Jean-Claude Juncker has criticised EU countries pulling out of the United Nations (UN) migration pact during a speech in Berlin, where he said Europe “must do everything possible” to kill populism on the continent.

Speaking at an event held by German newspaper Süddeutsche Zeitung (SZ), the EU Commission president said that the growing number of European governments withdrawing from the agreement must be ignorant of its contents.

The list of countries to have exited, which so far includes Austria, Hungary, Croatia, Bulgaria, and most recently the Czech Republic, would not have pulled out of the pact “if they had read it”, Juncker argued, claiming that the principles of “shared responsibility” outlined in the document would actually lead to less illegal immigration.

On Wednesday the Czech Republic became the latest to announce it was rejecting the so-called Global Compact for Safe, Orderly and Regular Migration, which is due to be formally ratified at a meeting in Marrakech, Morocco, next month.

There has been growing concern in a number of UN member states regarding eventual legal implications of the document, which declares migration “inevitable, necessary, and desirable” and requires signatories “commit to eliminate all forms of discrimination” with measures including the state promotion of “diversity”, enacting stiff penalties for “hate crime” and opening up welfare systems to all, including migrants without papers.

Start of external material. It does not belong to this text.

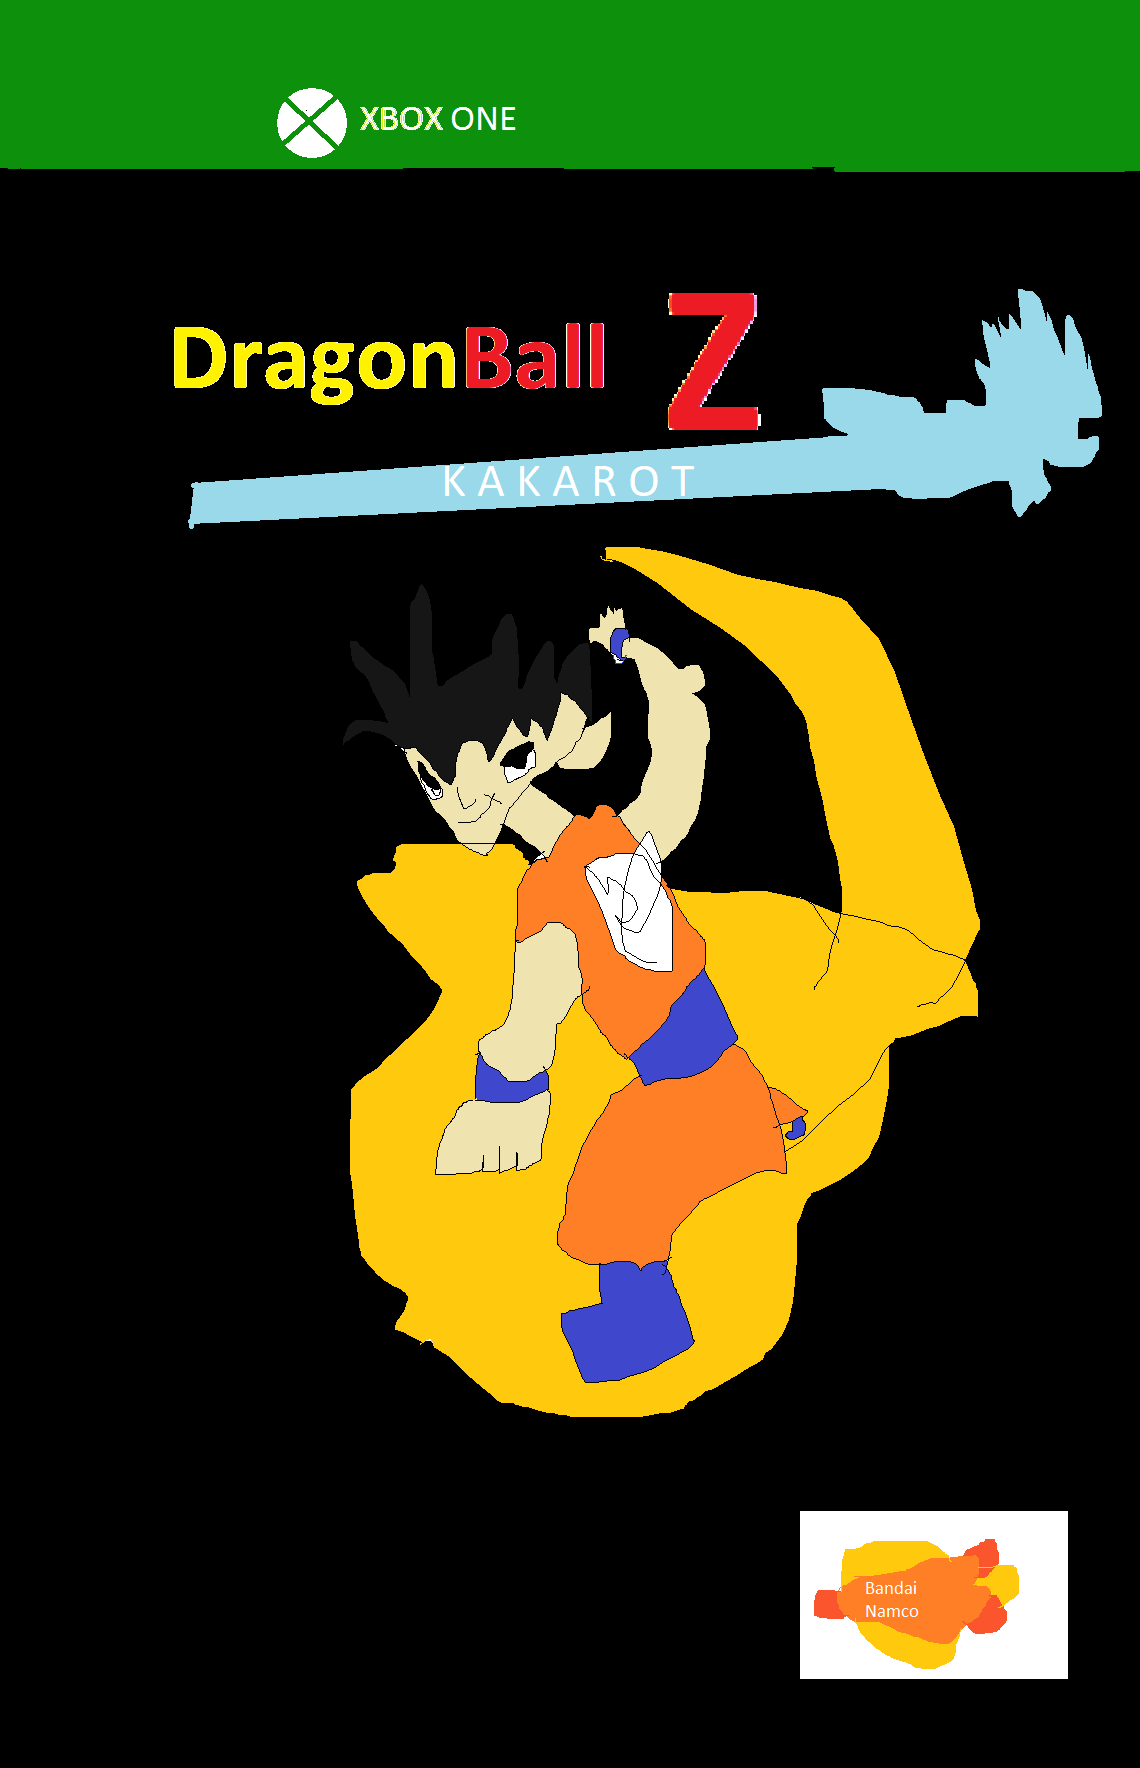 Dragon Ball Z Kakarot 3D Models by Bost0n-KR33m on DeviantArt

Spanish daily the Economist reports Juncker also used his speech at the SZ Economic Summit to defend his performance as head of the Commission, stating that “stupid populists” in Europe have nothing but a “long list of accusations” on issues for which they hold others, “especially Brussels”, to blame.

A major problem in Europe is when “mainstream” parties begin to “say what the populists say” in terms of seeking to address similar concerns, because doing so only emboldens people “to vote for the populists”, according to the Luxembourger Eurocrat.

Voicing his endorsement of French leader Emmanuel Macron’s claim last week that patriotism is “the opposite” of nationalism, Juncker warned against “acting innocent” before going on to imply that carnage in Europe on the scale of the two world wars was inevitable without the death of national sovereignty.

“Madness always returns,” he said, stressing Europe “must do everything possible” to prevent war and that populist and nationalist policies should be stopped at all costs.